I’m trying to avoid getting into covenantal arguments because I don’t feel mature enough in my understanding yet to properly speak to it (I have several books to tackle from both sides).

Simply stated, I see tremendous practical value (beyond just signs which are also valuable) in the oath taking element - i.e. Romans 10:9 - of Baptism. And I just can’t understand why we would want to remove that from this ordinance.

We have an incoming pastor who I intend to speak with on this and membership. The main reason why I joined this board actually was to get my head around this and prepare for that conversation. Unfortunately I have to say, so far the comments from the paedobaptism side on here have been highly discouraging... and I am beginning to reconsider attending the OPC church.


----------



## Contra_Mundum (Jan 23, 2020)

Wretched Man said:


> Did you forget taking your wedding vows?


You'll have to clarify what you may be getting at. I wrote a longish post addressing your questions, and I tried to do so in a respectful manner.

A one-liner rejoinder that a) quotes the whole thing and b) asks what seems like an unrelated question (vows analogy?) doesn't seem to me to have done any serious interaction with my attempt.

I'm pretty sure you are treated respectfully at the OPC church you attend. Here, you asked the questions, maybe ones you've avoided there. Different people, with different personalities and styles have offered responses. How you choose to respond to one or all is up to you.


Wretched Man said:


> I’m sorry, I meant to reply to the other guy who mentioned the loss of memory as somehow a discrediting to the value of oath taking. The point I was making is I view wedding vows similarly to Baptism vows.
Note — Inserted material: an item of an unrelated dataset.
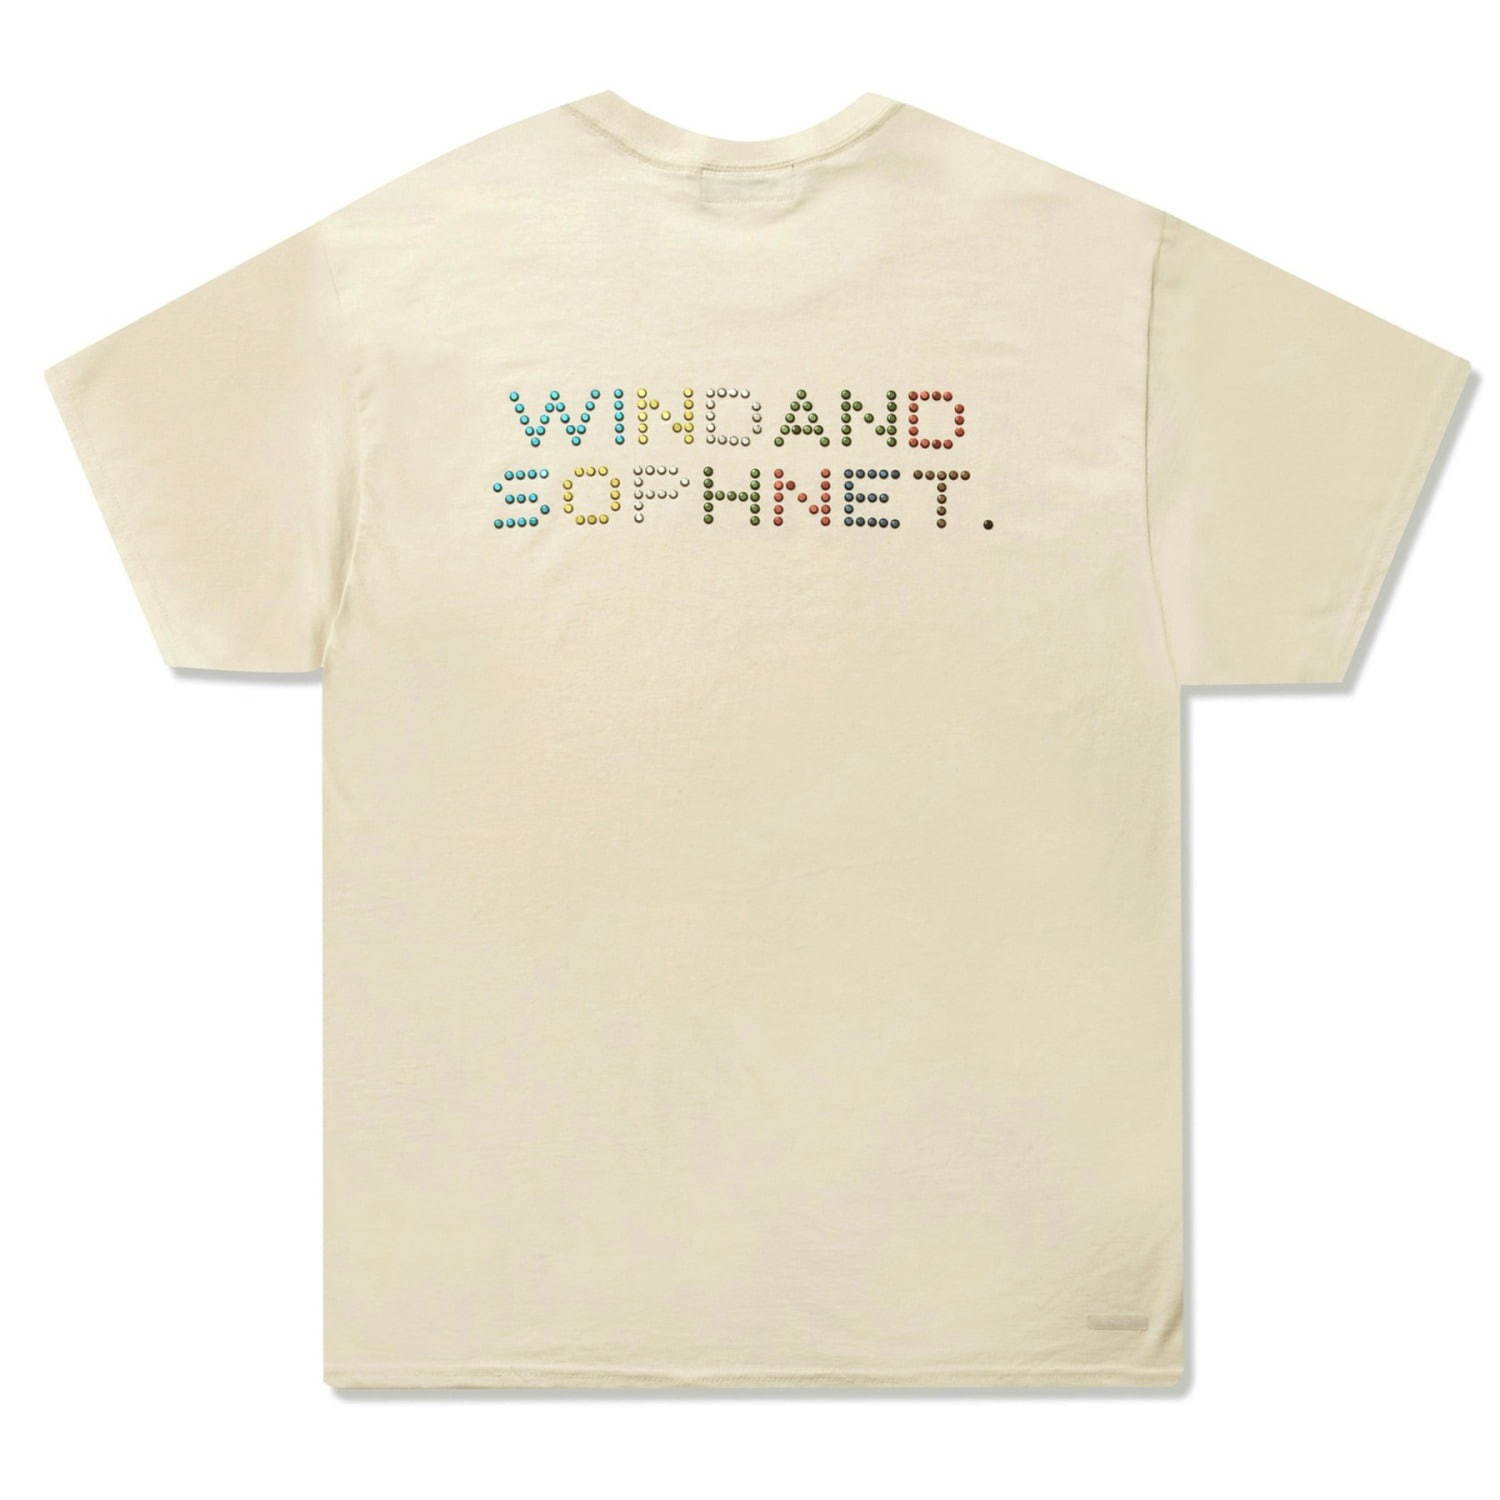 ソフネット×ウィンダンシー“ラインストーンロゴ”を配したTシャツ

We are in part professing our acceptance and loyalty to God. This, at least for me, served me with a helpful source of lasting conviction (for both my marriage and with God). I hope my children will some day experience similar convictions, as helped by this sacrament/ordinance.


I guess this is related?

I really don't think you followed my answer, where I went through your post and offered some perspective. TL/DR, I guess...


----------



## PuritanCovenanter (Jan 23, 2020)

Wretched Man said:


> I’m trying to avoid getting into covenantal arguments


You will find yourself lacking then because the signs are based upon Covenantal understanding. That is true for the Baptist and the Reformed Christian. The issue that turned me was coming to grips with the whole of scripture and the Covenants. 
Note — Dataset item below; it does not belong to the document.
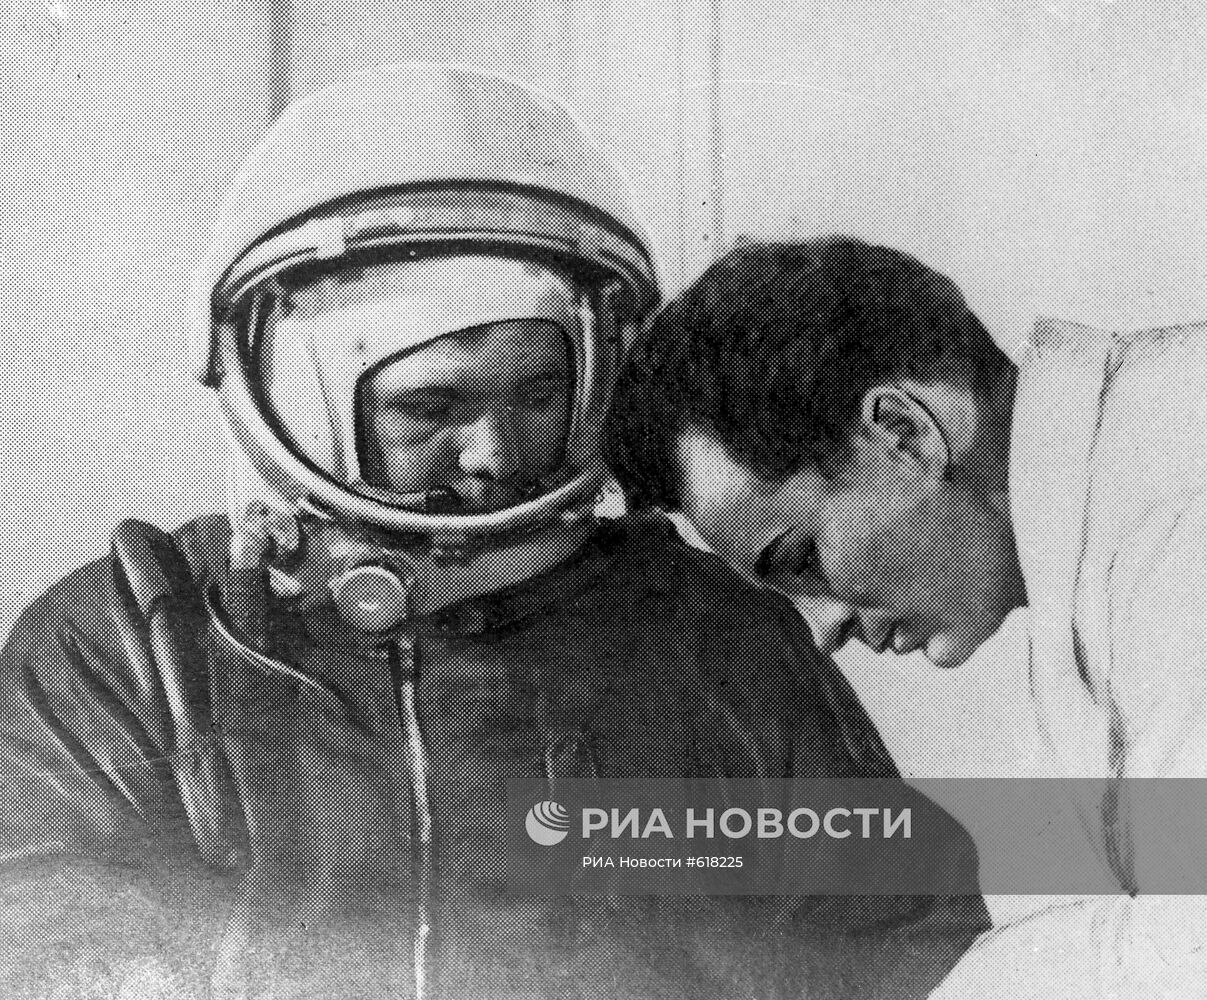 Юрий Гагарин перед историческим полетом в космос

"As a Reformed Baptist, whenever I would debate issues concerning church membership and baptism I viewed the Mosaic Covenant and the New Covenant to be different substantially. Since the New Covenant was purely an Administration of the Covenant of Grace it had a different membership make up than the Mosaic Covenant. The New Covenant membership was made up of those who were truly regenerate or Elect."....
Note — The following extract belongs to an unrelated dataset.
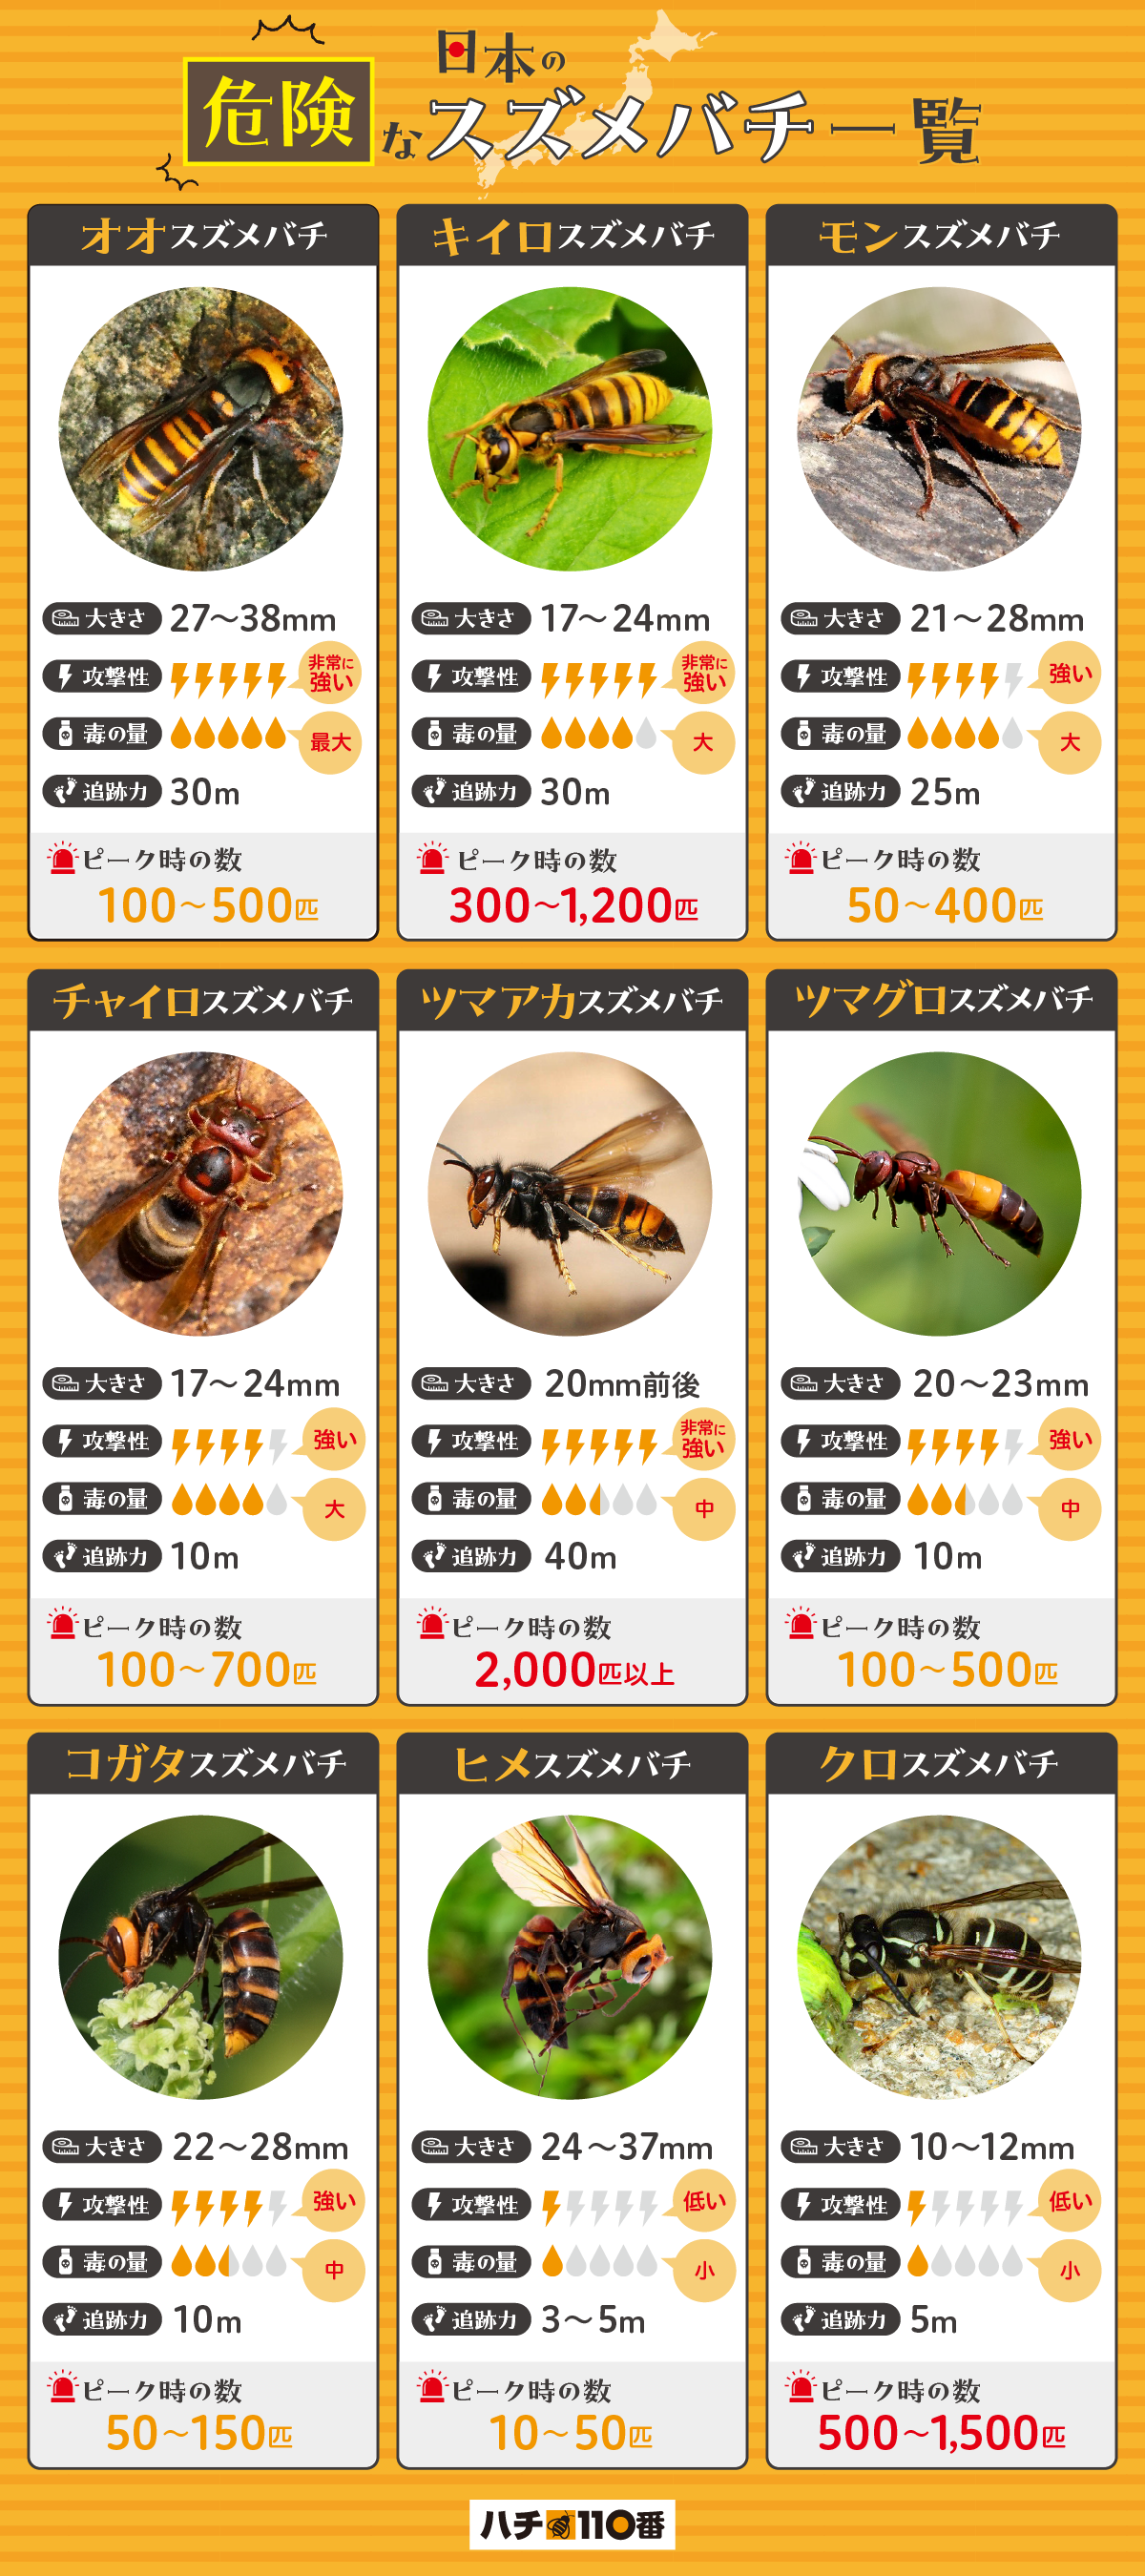 日本の危険なスズメバチ一覧

https://rpcnacovenanter.wordpress.c...nced-republication-and-mosaic-covenant-study/


----------



## Romans922 (Jan 23, 2020)

Wretched Man said:


> so far the comments from the paedobaptism side on here have been highly discouraging



May I ask why that is so maybe I/we are just talking past you and not addressing exactly what you are asking.


----------



## Wretched Man (Jan 23, 2020)

Contra_Mundum said:


> You'll have to clarify what you may be getting at. I wrote a longish post addressing your questions, and I tried to do so in a respectful manner.
> 
> A one-liner rejoinder that a) quotes the whole thing and b) asks what seems like an unrelated question (vows analogy?) doesn't seem to me to have done any serious interaction with my attempt.
> 
> ...





Contra_Mundum said:


> You'll have to clarify what you may be getting at. I wrote a longish post addressing your questions, and I tried to do so in a respectful manner.
> 
> A one-liner rejoinder that a) quotes the whole thing and b) asks what seems like an unrelated question (vows analogy?) doesn't seem to me to have done any serious interaction with my attempt.
> 
> ...


It's a simple question. Sometimes I think in your quest to uphold an old Roman Catholic tradition, you guys get so bogged down in a game of mental gymnastics, you lose the forest for the trees. Our Lord provided us a valuable ordinance to act upon when we repent and believe. Acts 2:38. Why must I be accused by my Presbyterian "brethren" of great sin by desiring my children to _experience_ this?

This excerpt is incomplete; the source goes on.